Saturday, January 14, 2012

Another clue Journals are in the Branding Business

Yaroslav pointed this entry on Christian Robert's blog. The astute reader may recall a similar point in "You think peer review as currently implemented suck ? Wait till it is going to be the only way to publish"

Friday, January 13, 2012

Request for Expression of Interest: The Qualcomm Tricorder X Prize

The Qualcomm Tricorder X Prize was announced at CES this week. The goal of the competition is to build a "thing" that can be

".....capable of capturing key health metrics and diagnosing a set of 15 diseases. Metrics for health could include such elements as blood pressure, respiratory rate, and temperature. Ultimately, this tool will collect large volumes of data from ongoing measurement of health states through a combination of wireless sensors, imaging technologies, and portable, non-invasive laboratory replacements...".

I say a "thing" because it does not have to be just a portable device as one could envision by remembering the original Tricorder. The current description of the prize is pretty light on the details for the moment and the FAQ is not extraordinarily helpful....yet. For instance, right now we don't know if the 15 diseases are already known or are just up to the team to define.

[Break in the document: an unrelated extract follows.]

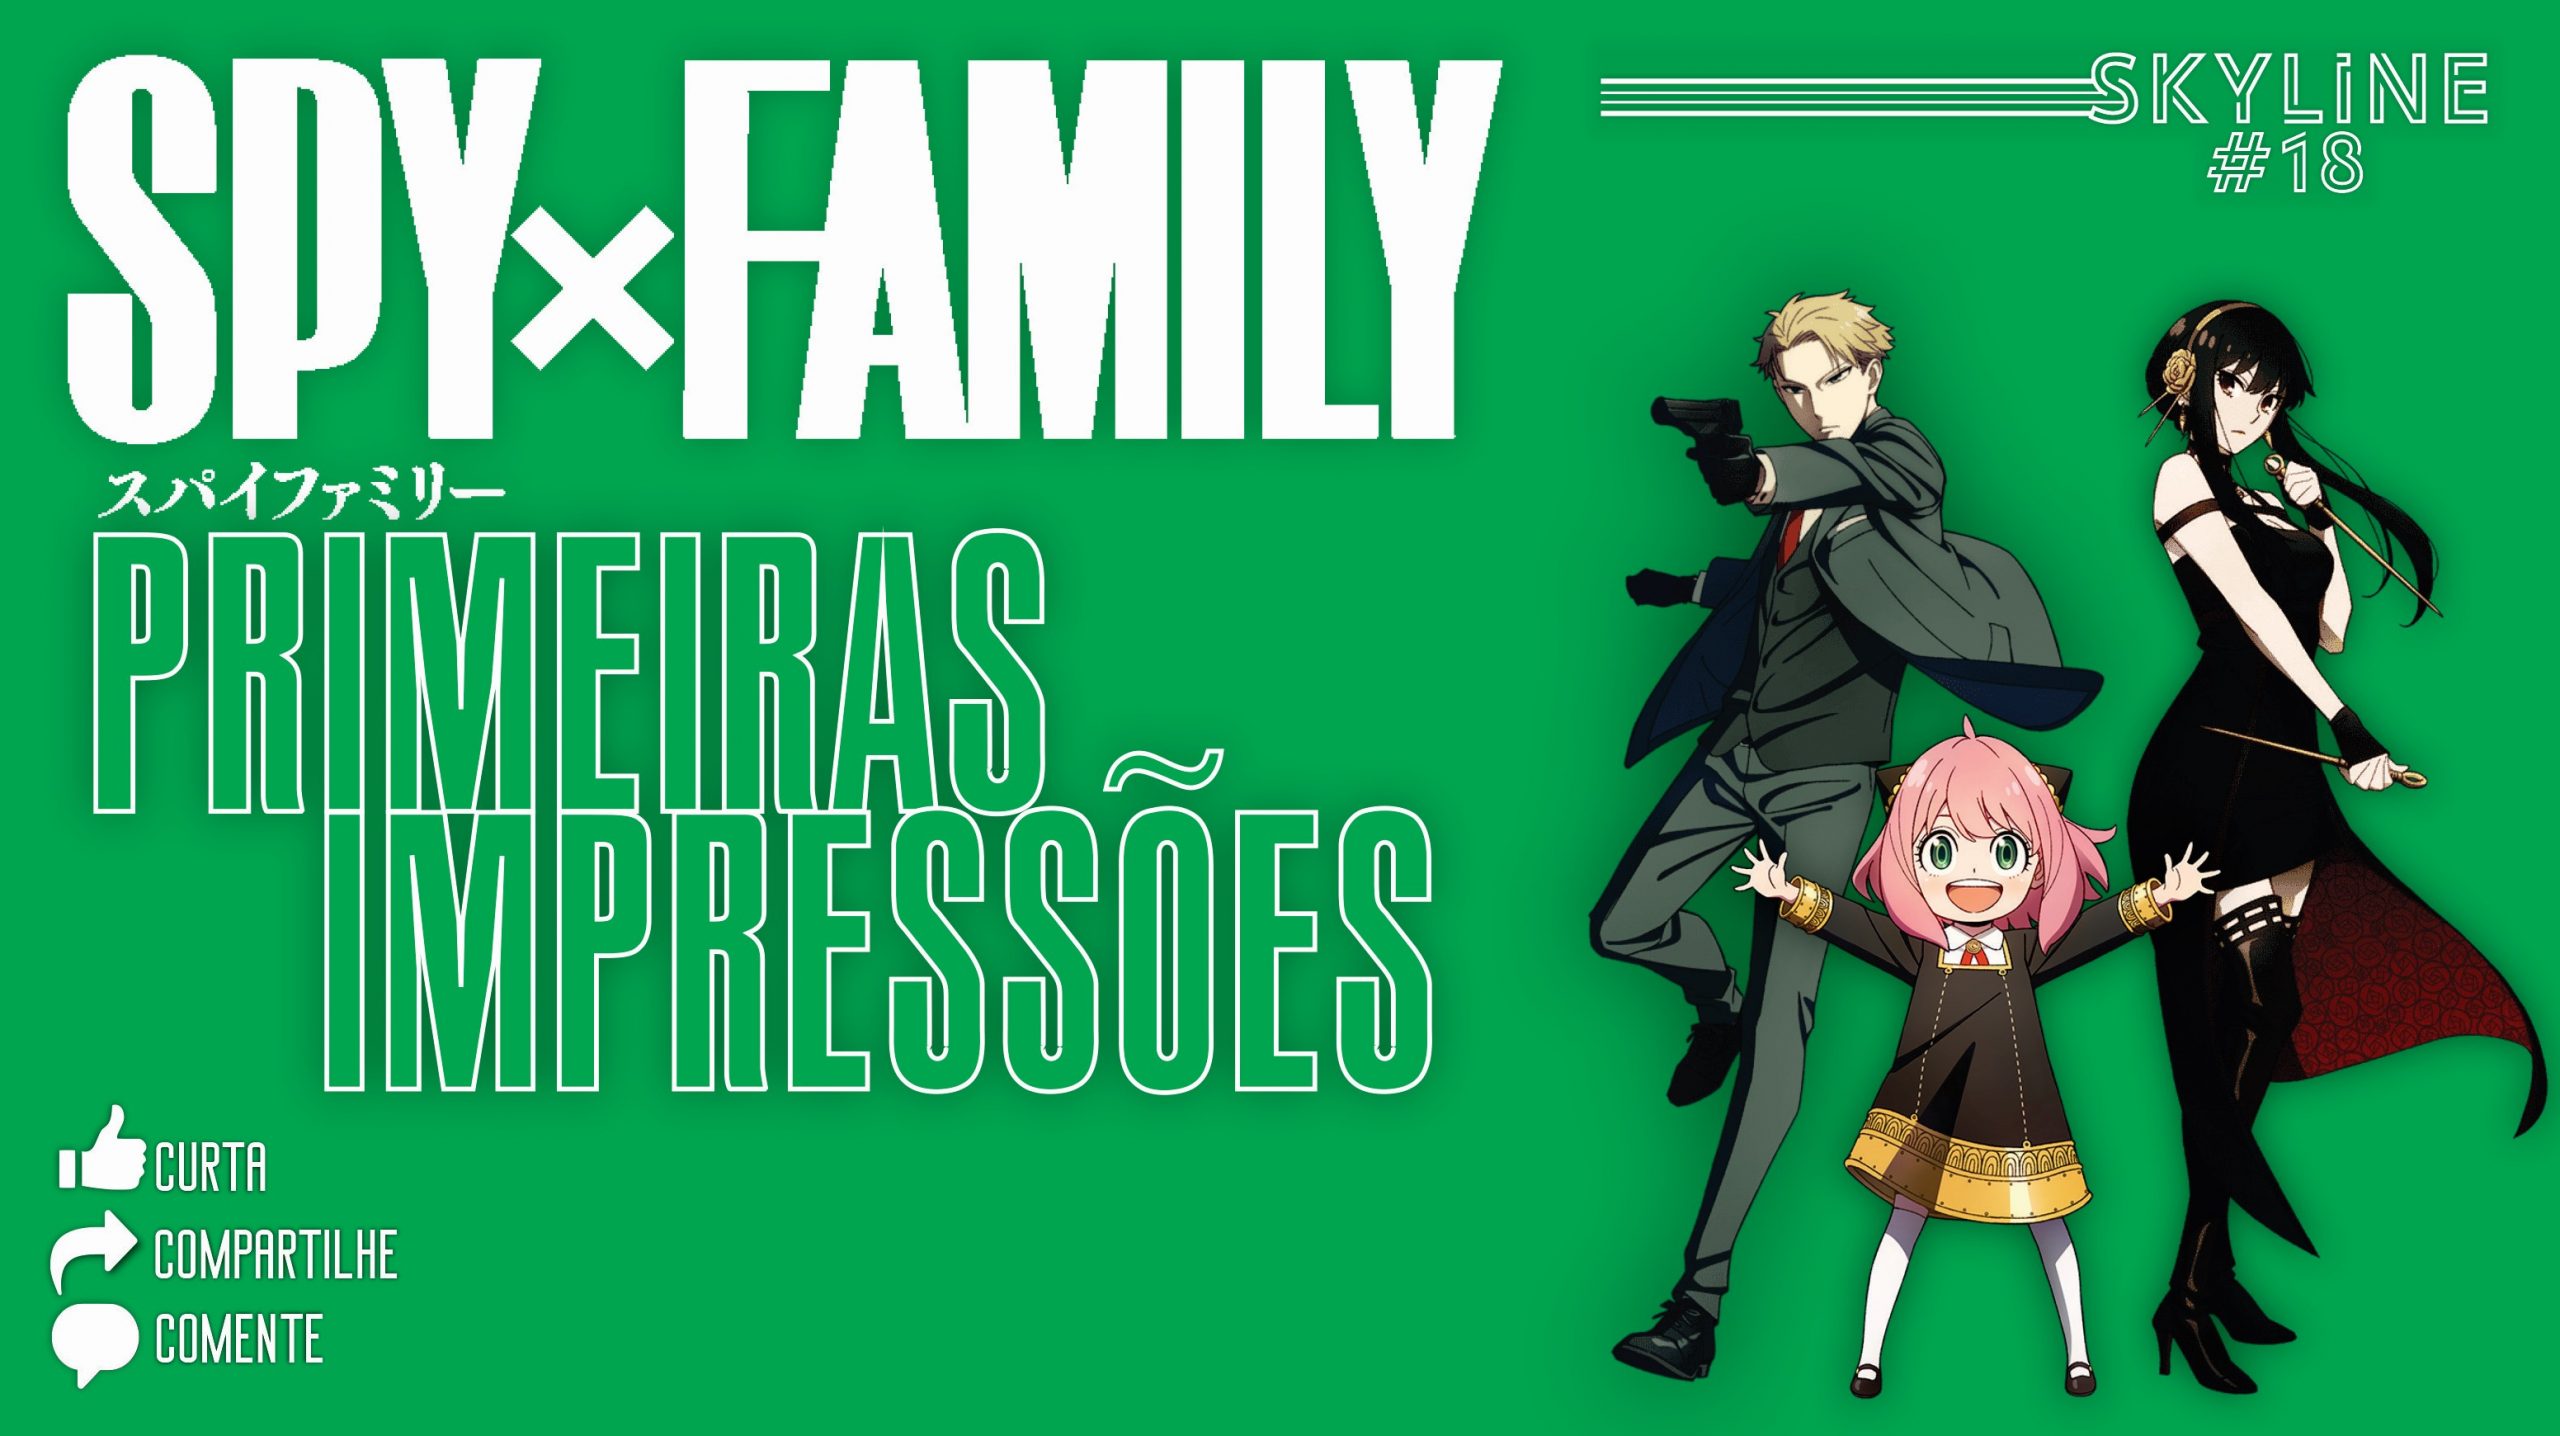 SPY x FAMILY - Parte 2 do anime estreia em outubro - AnimeNew

Let us look at some of the response of the FAQ to get a sense of what this challenge is really about.. First of all, are we talking about Star Treck type of technology, where most of the technology either does not exist or is very low in the TRL scale ? Probably not:

"....What's new about the technology? Doesn't most of this already exist?
Yes, some of the technology exists today. However, the the teams in this competition will pull this all together in one seamless system. The resulting instrument will also push the sensing component of technology in different ways: Smaller, lighter, cheaper, faster, better. Integration of these many different components is expected to be very challenging...."

While the emphasis is on diagnostics, I note the importance of continuous monitoring

What will the Device actually do?

Diagnose diseases

Provide ongoing metrics of health (vitals)

Allow monitoring or continuous use of sensors to diagnose and measure health

Provide awareness of health state

Give confirmation that everything is ok with a consumer

Notify that something is not ok (a "check engine light")

Of related interest, there seems to be an interest for non invasive capabilities, this one is tough one.

Do the sensors have to be wireless?
No; however, due to consumer experience requirements it's unlikely a non-wireless sensor will be successful.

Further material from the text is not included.